● **DATASET EXCERPT**
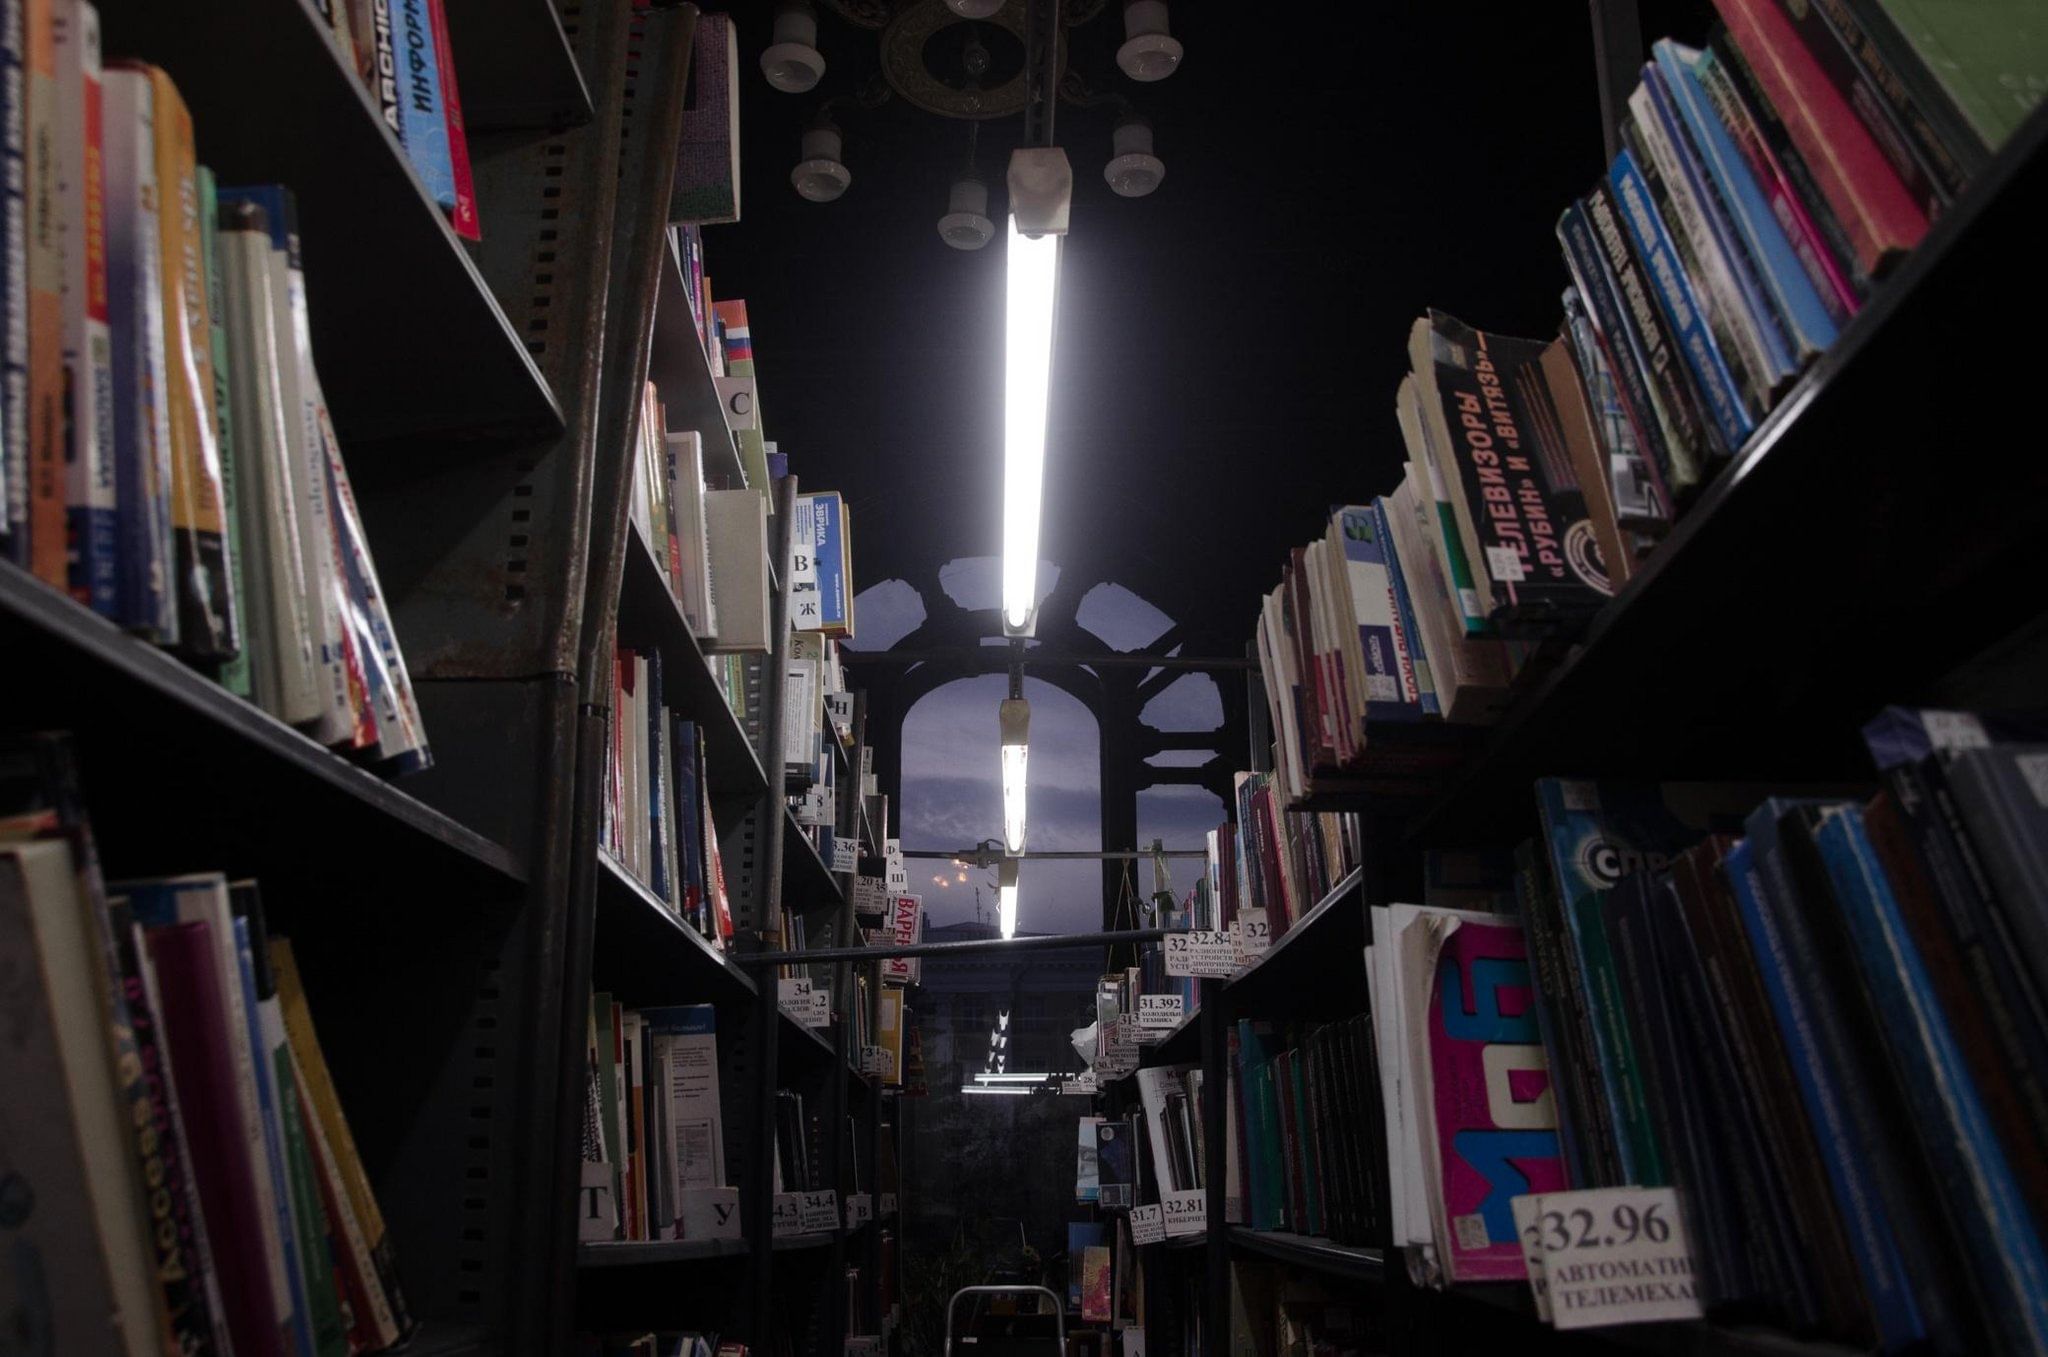 Сказка о библиотеке ночью. Ночь в библиотеке. Ночь в библиотеке чтение. Путешествие по ночной библиотеке. Библионочь.
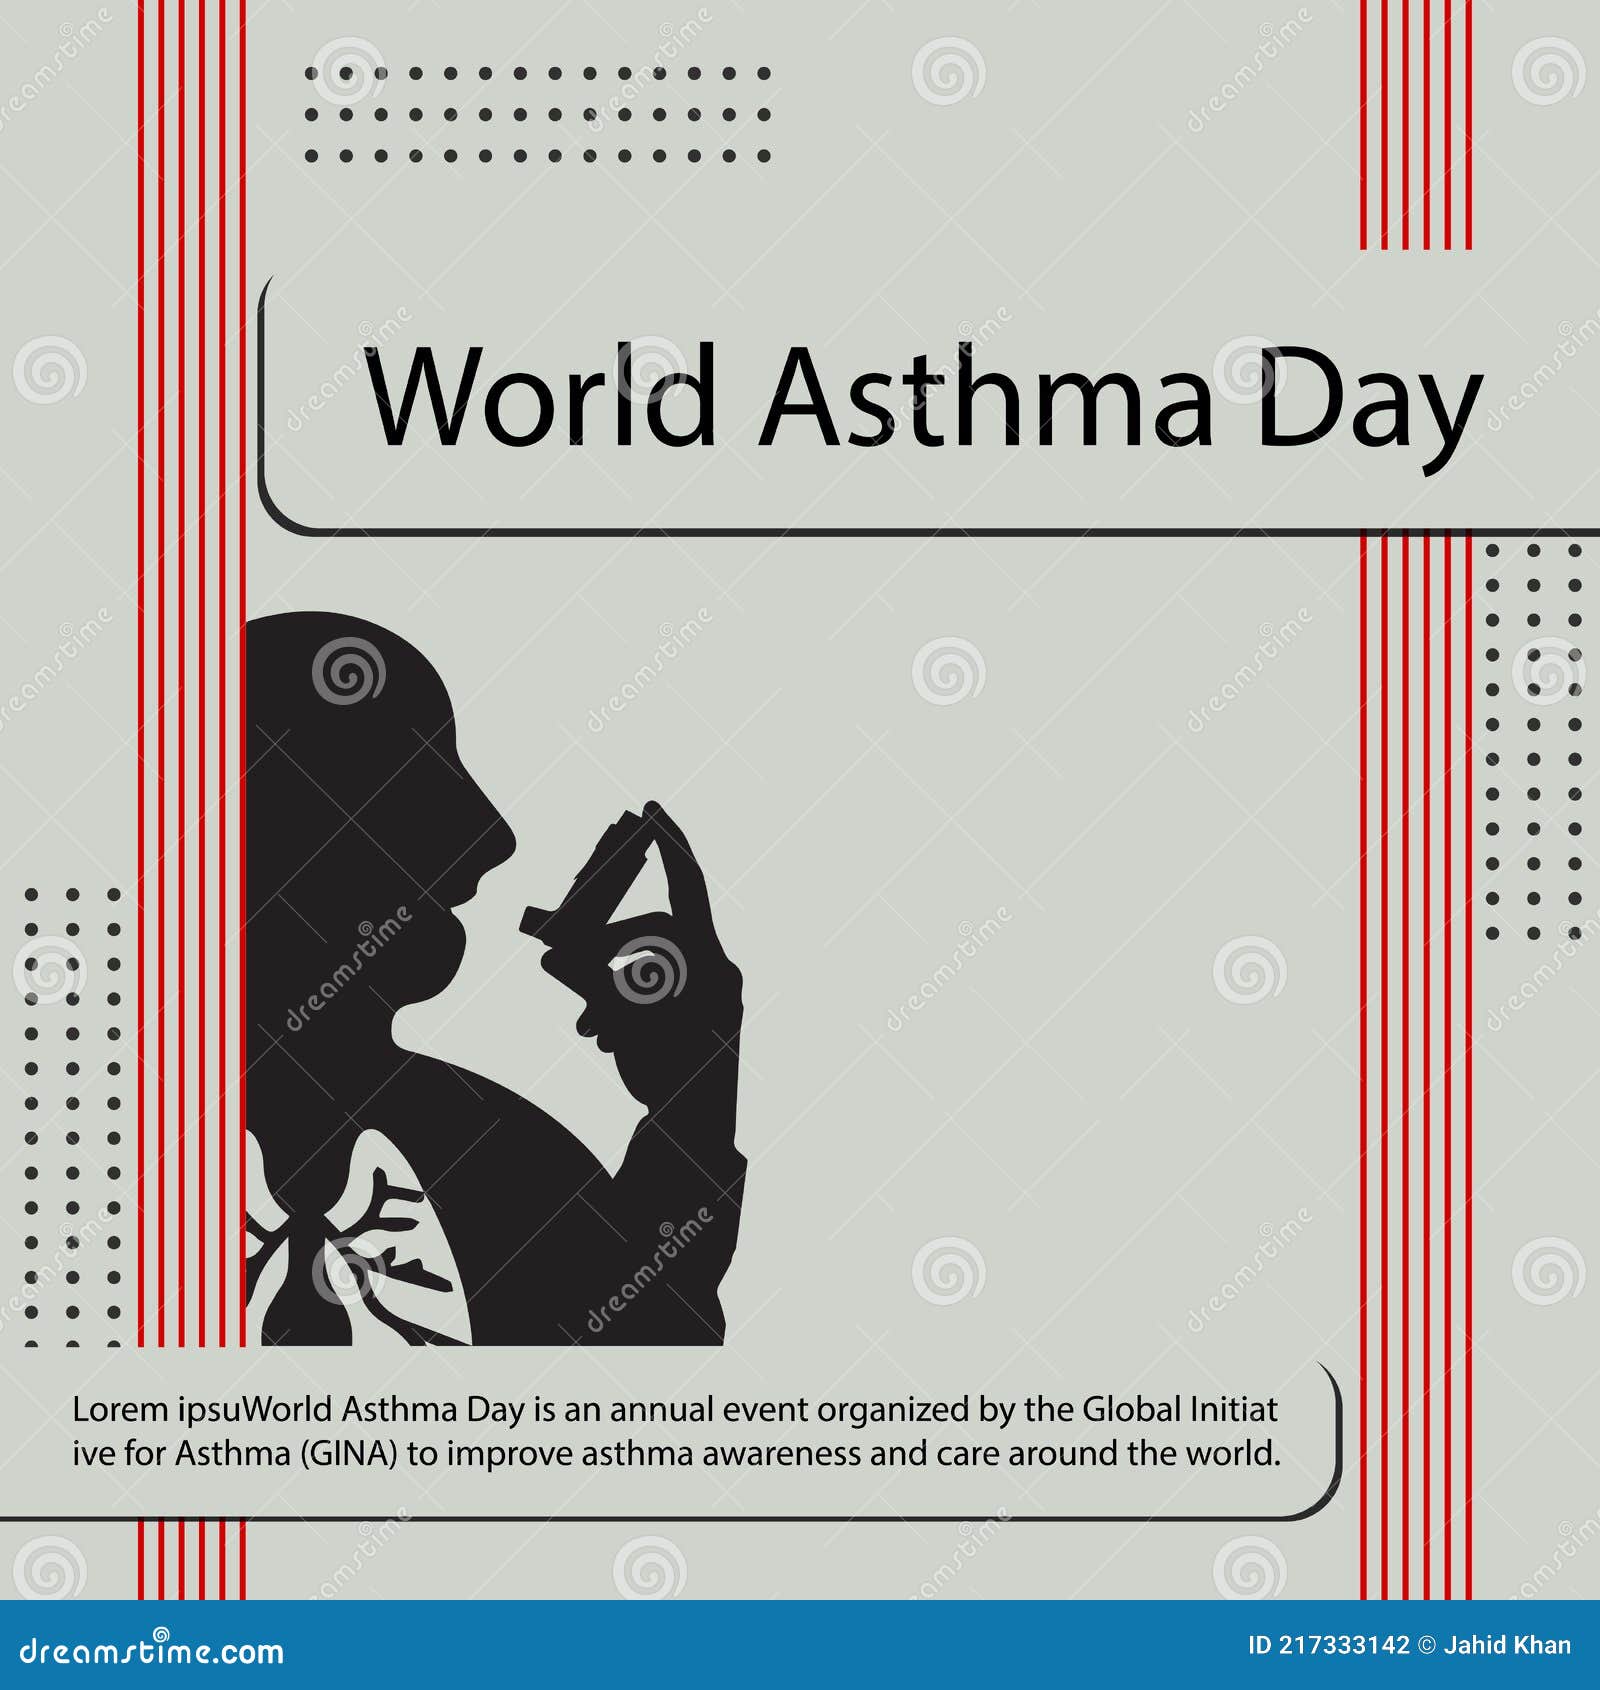 world asthma day.
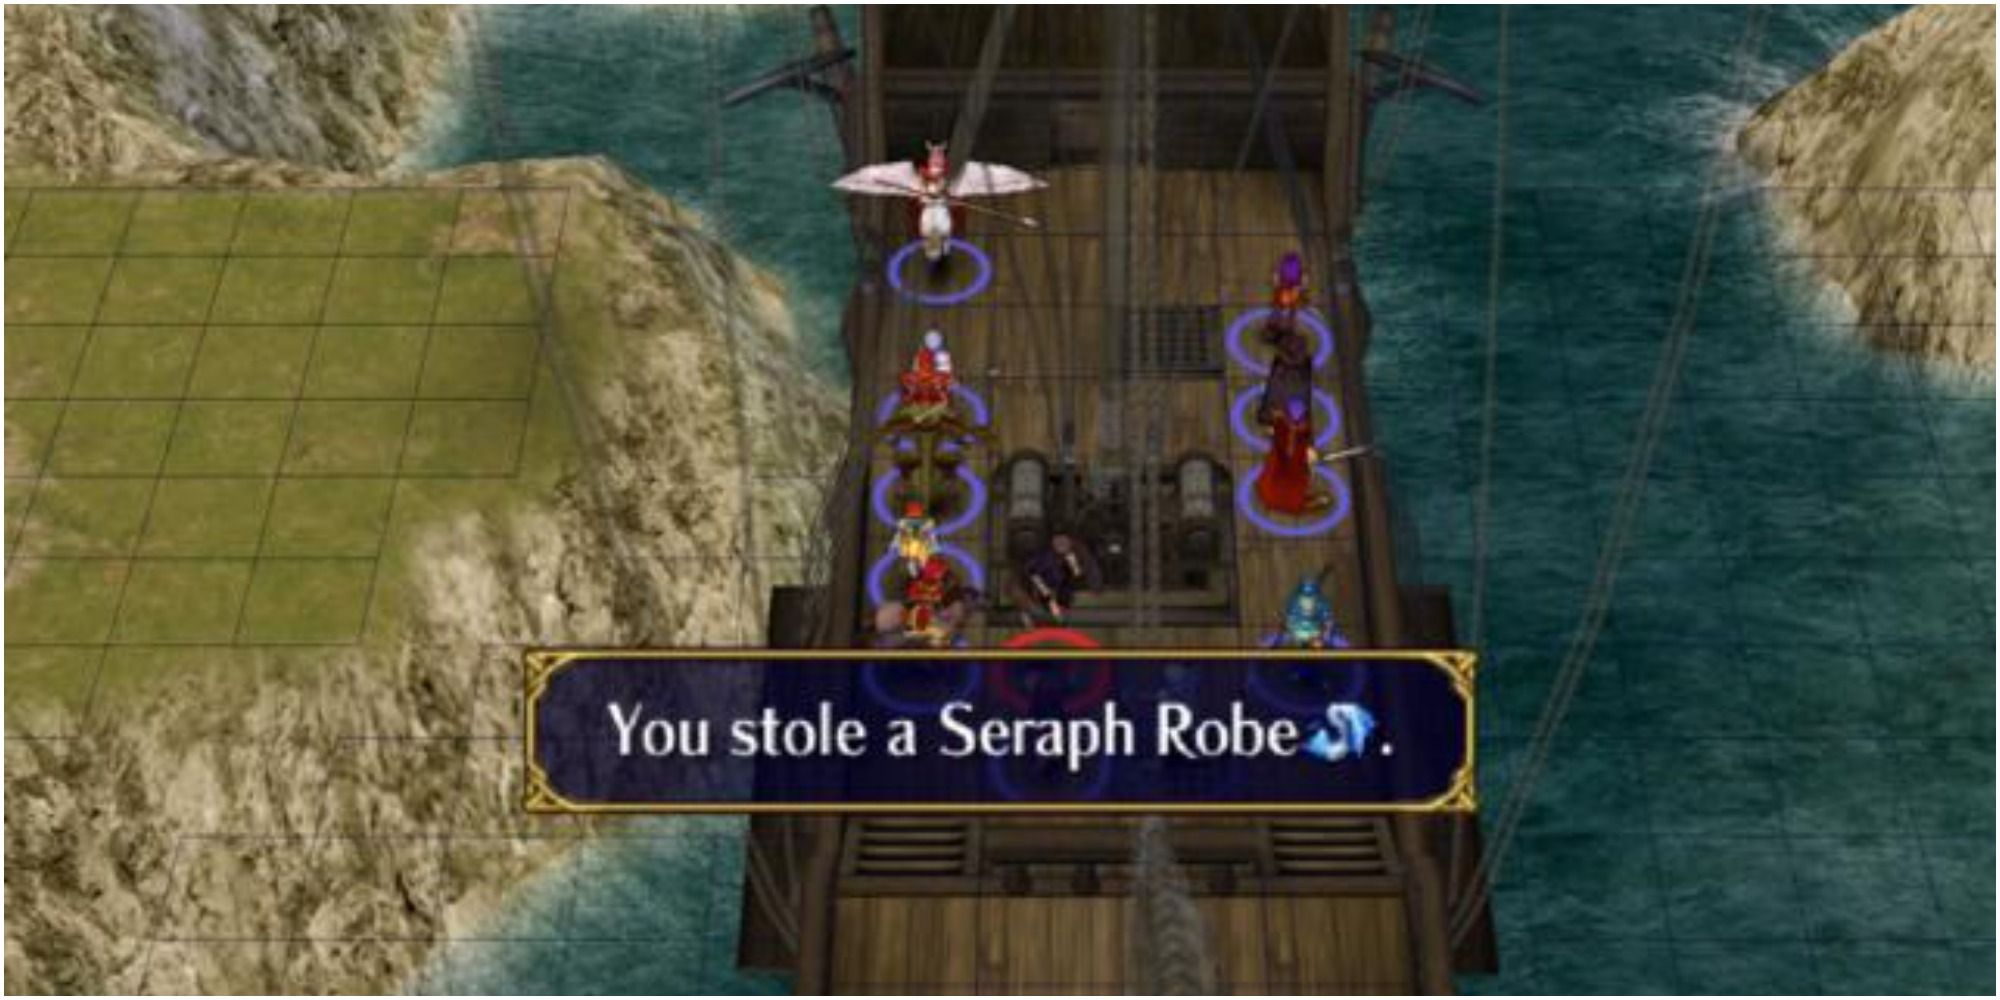 seraph robe fire emblem screenshot on boat by rocks

● **WORK REQUEST**
Transcribe all of the lines above exactly as given. The pictures stay out.

● **TASK ANSWER**
 Сказка о библиотеке ночью. Ночь в библиотеке. Ночь в библиотеке чтение. Путешествие по ночной библиотеке. Библионочь.
 world asthma day.
 seraph robe fire emblem screenshot on boat by rocks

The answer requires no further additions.